Its good, but if shes looking to improve technique then maybe it would have been better if the subject (you I assume) was off to one side using the 'rule of thirds', sure that rule is cliche but it works most of the time. Anyway its a great snap and she should be proud


----------



## Guz (Apr 7, 2008)

JonW said:


> Its good, but if shes looking to improve technique then maybe it would have been better if the subject (you I assume) was off to one side using the 'rule of thirds', sure that rule is cliche but it works most of the time. Anyway its a great snap and she should be proud


+1 ... only if I'm being over critical. :hypocrite:

I suppose you could crop the pic to obtain the phi / golden / 1/3 rule.

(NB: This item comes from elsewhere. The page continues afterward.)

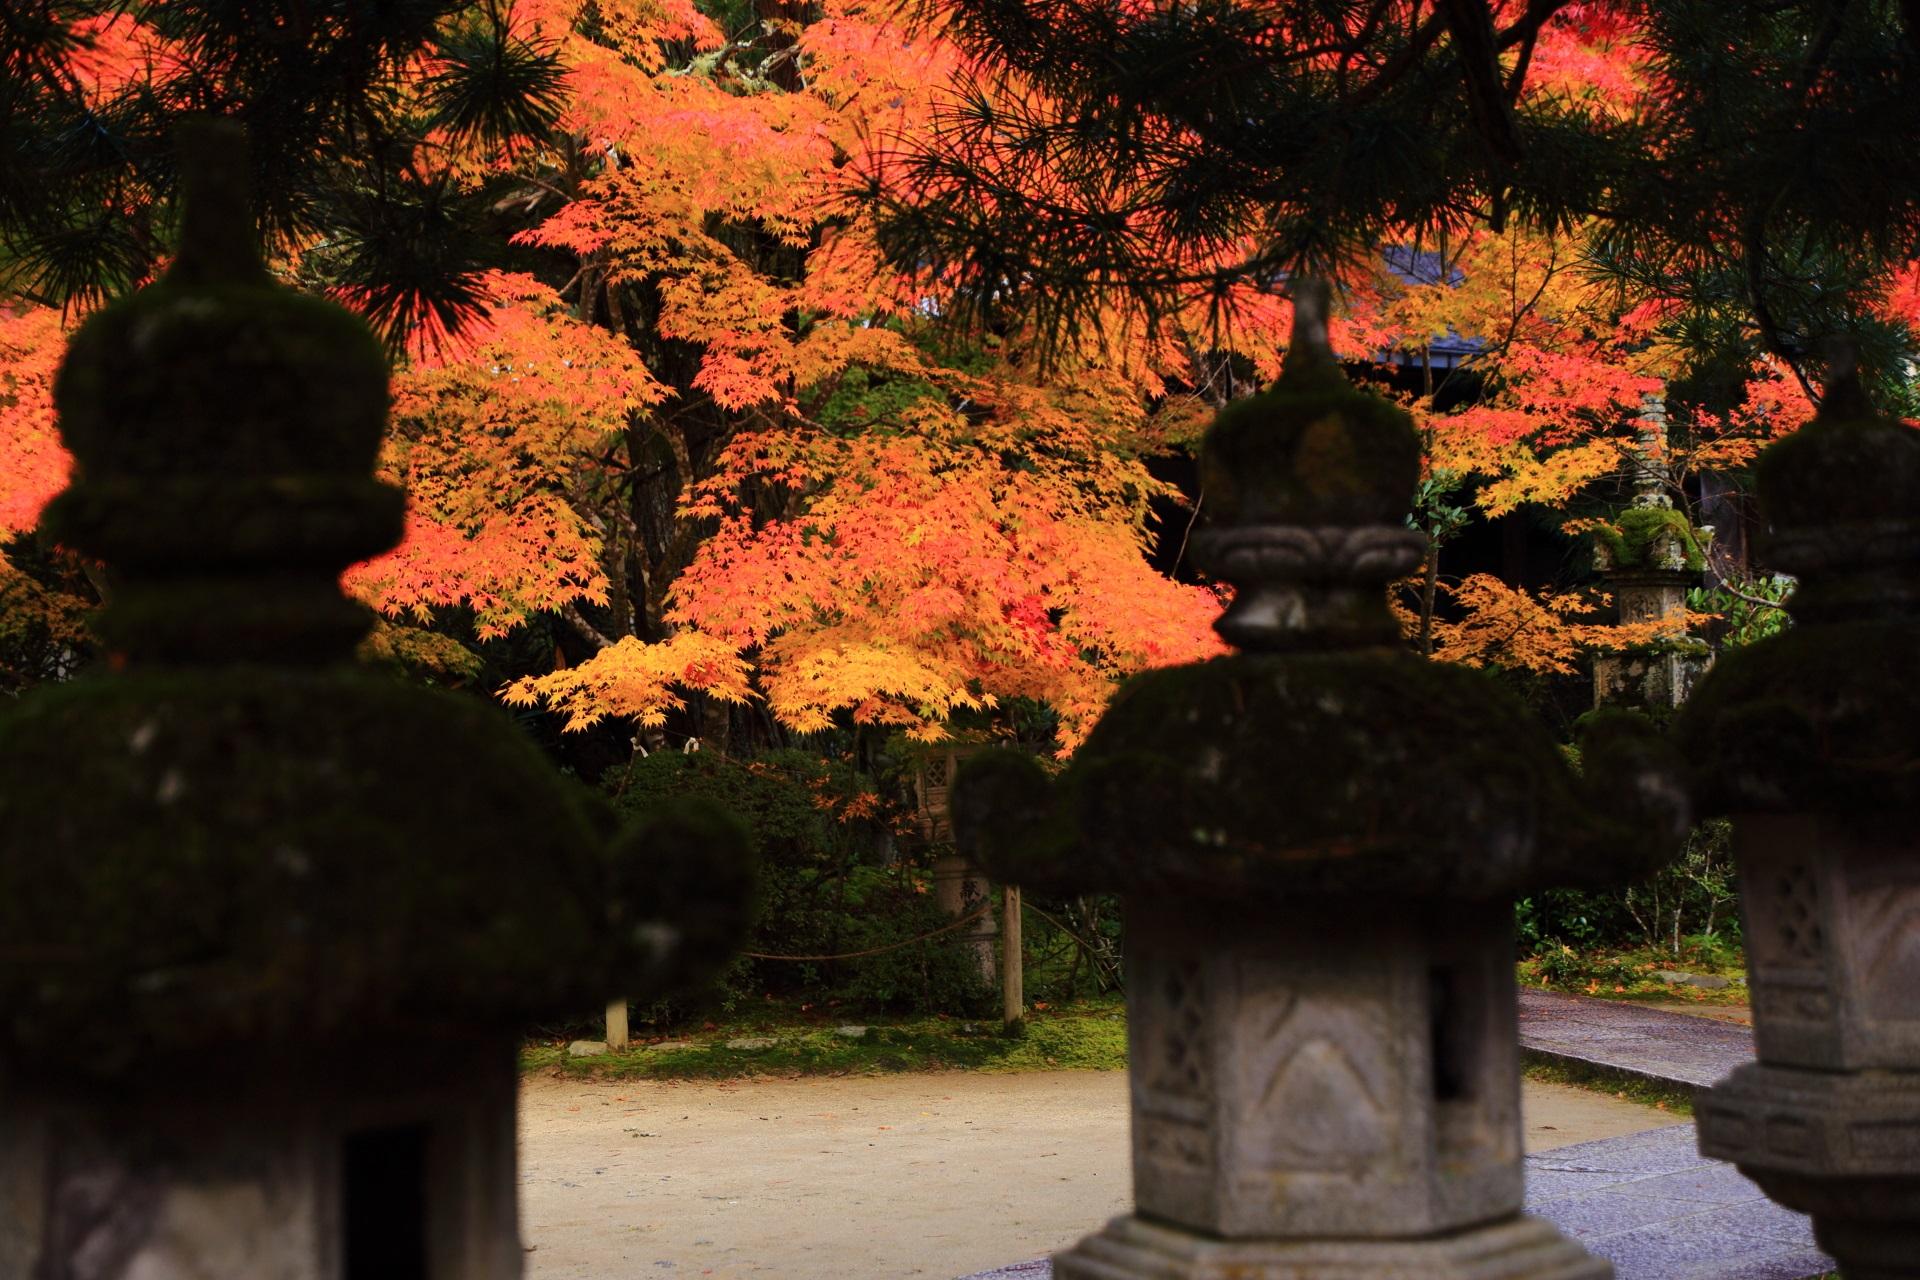 燈籠越しに眺めた紅葉

However great potential :thumbsup:

Well done.


----------



## sheepsteeth (Dec 14, 2009)

thats really good, thanks for the constructive comments, ive just googled for 1/3 rule and it makes perfect sense, it definately makes an image more interesting and its something she now wants to go out and practice.

the point of the thread was for advice as much as appreciation so cheers guys.

if you wouldnt mind having a look at another pic she took i think she has been inadvertently doing it without knowing


----------



## JonW (Mar 23, 2005)

Yes thats basically the rule in action. I took a picture of my sister hanging from a gibbet with a noose like she was a gonner a few years back and it was the rule of thirds that made the pic work, but work it did! if only i could find it for you LOL

Edit to add that if you flipped that sea photo it would work better i reckon...


----------



## chris l (Aug 5, 2005)

What I like about this picture, what slaps me in the eye, is that tiny patch of colour right in the middle of the picture.

Very good.

(Try doing the rule of thirds with a 6x6 neg.... Bl**dy Ansel Adams)


----------



## janicko (Jan 14, 2010)

a well made photograph. has a kind of sadness in it.


----------



## chris l (Aug 5, 2005)

There is a tendency on the part of automatic cameras to mis meter snow scenes.. they 'see' a brightly lit scene and under expose, blocking up the shadows and greying out the highlights...

Lightening the shadows and lowering the overall contrast gives... (3 different crops)....



























​


----------